Local vs Centralized vs Distributed
Not all Version Control Systems are built the same. Understanding their architecture is key to understanding how DevOps teams collaborate.
1. Local Version Control
The simplest form. A database on your local computer tracks changes.
- Pros: Very fast; no network required.
- Cons: Impossible to collaborate; if the local computer dies, everything is lost.
2. Centralized Version Control (CVCS)
A single central server contains all versions of the code. Developers "check out" a single version (snapshot) to work on.
- Examples: Subversion (SVN), CVS, Perforce.
- Pros: Easy to manage; strict control over who can branch/commit.

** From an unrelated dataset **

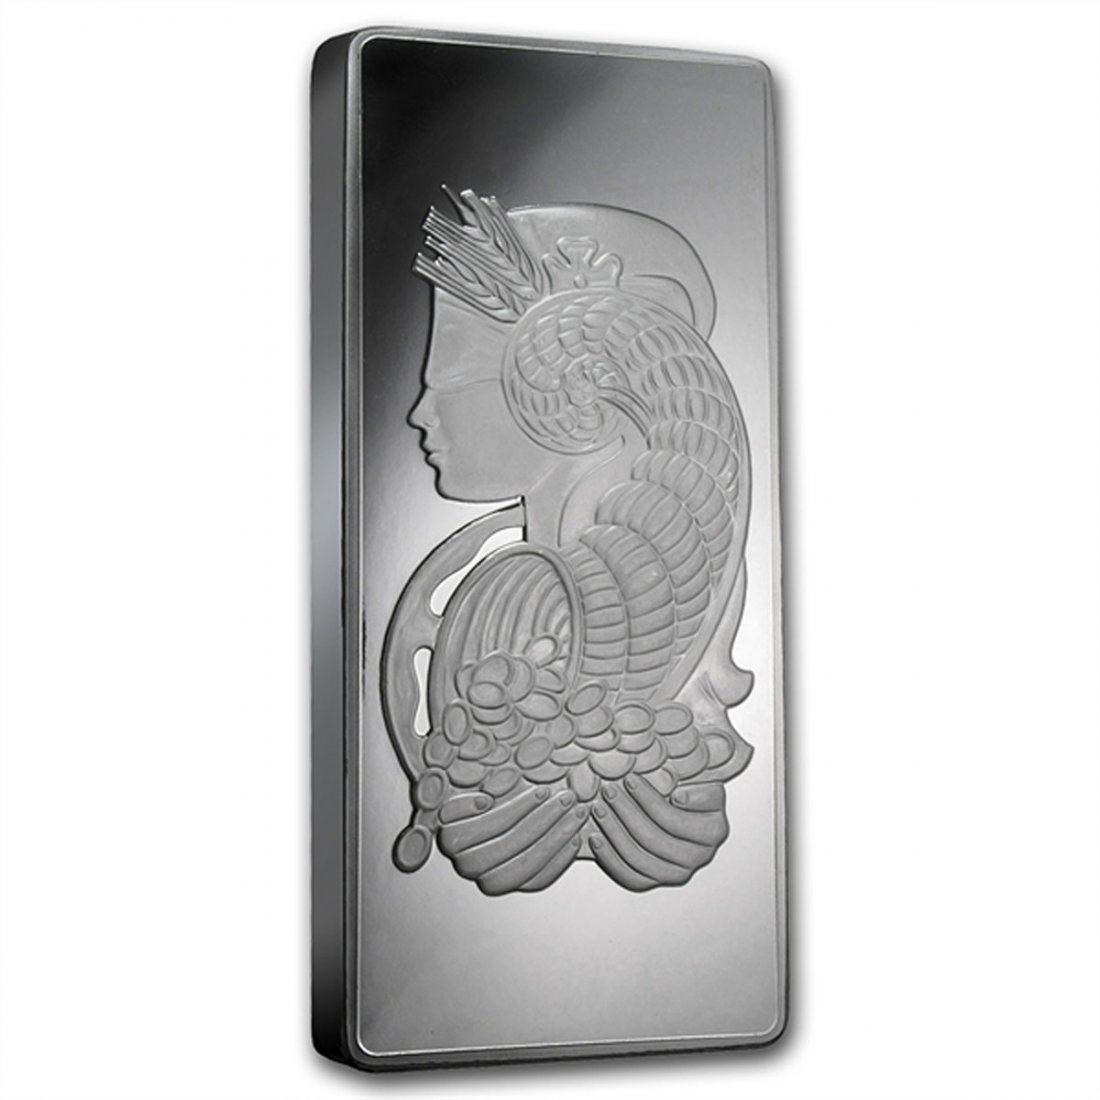 500 gram Pamp Suisse Silver Bar - Fortuna (1/2 kilo)
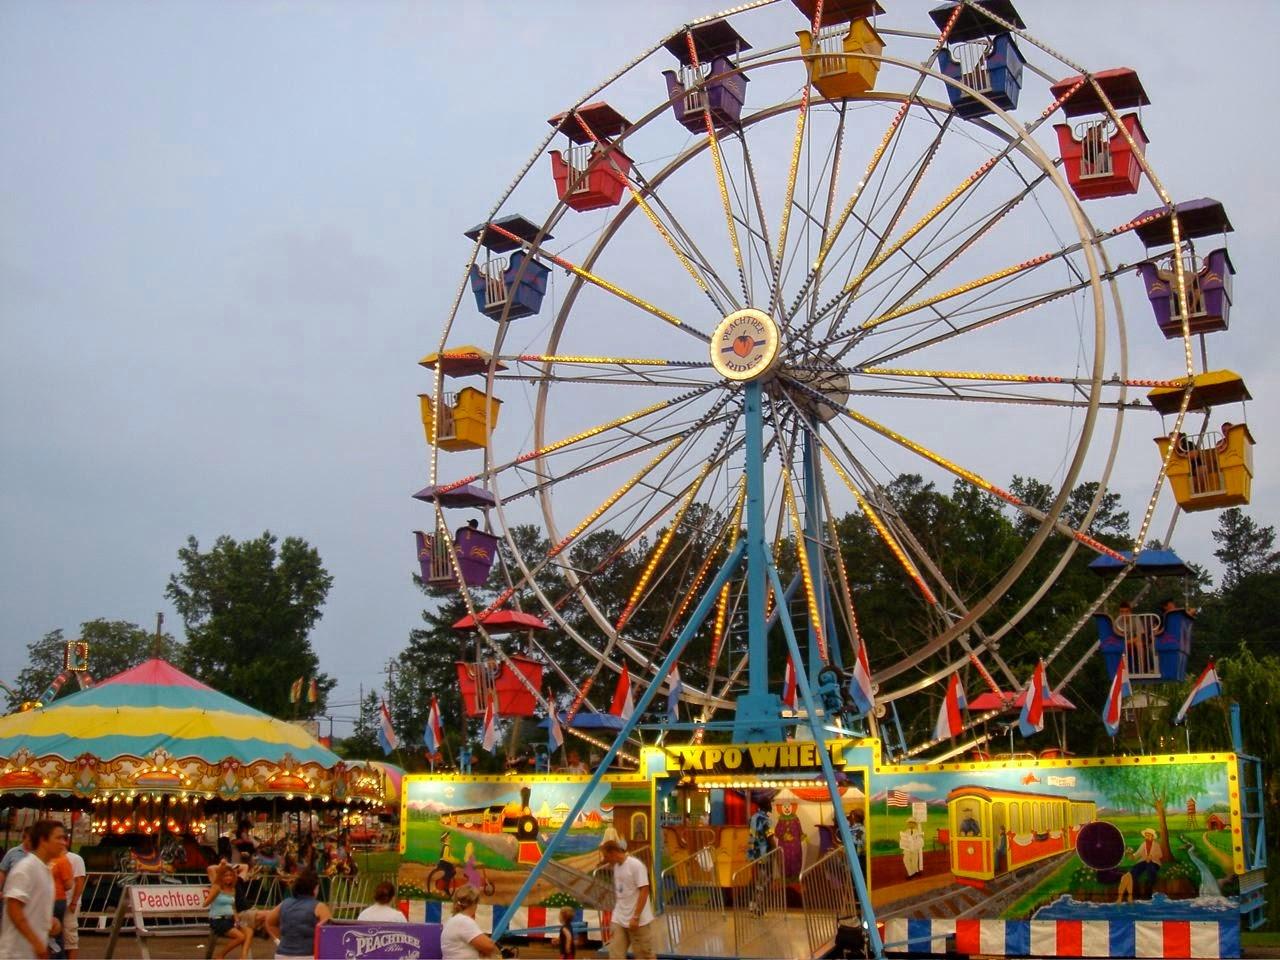 Shenandoah Shows knex carnival rides ™: ferris wheel variants

- Cons: Single point of failure (if the server is down, no one can work/commit); high network dependency.
3. Distributed Version Control (DVCS)
Every developer has a full "clone" of the entire repository—including the complete history.
- Examples: Git, Mercurial, Bazaar.
- Pros: Offline work is fully supported; no single point of failure (every clone is a backup); extremely fast branching and merging.
- Cons: Large repositories can take a long time to clone initially.
[!IMPORTANT] The Key Difference In a Centralized system, you only have a slice of the code. In a Distributed system, you have the entire history on your machine. This makes searching logs and switching branches instant.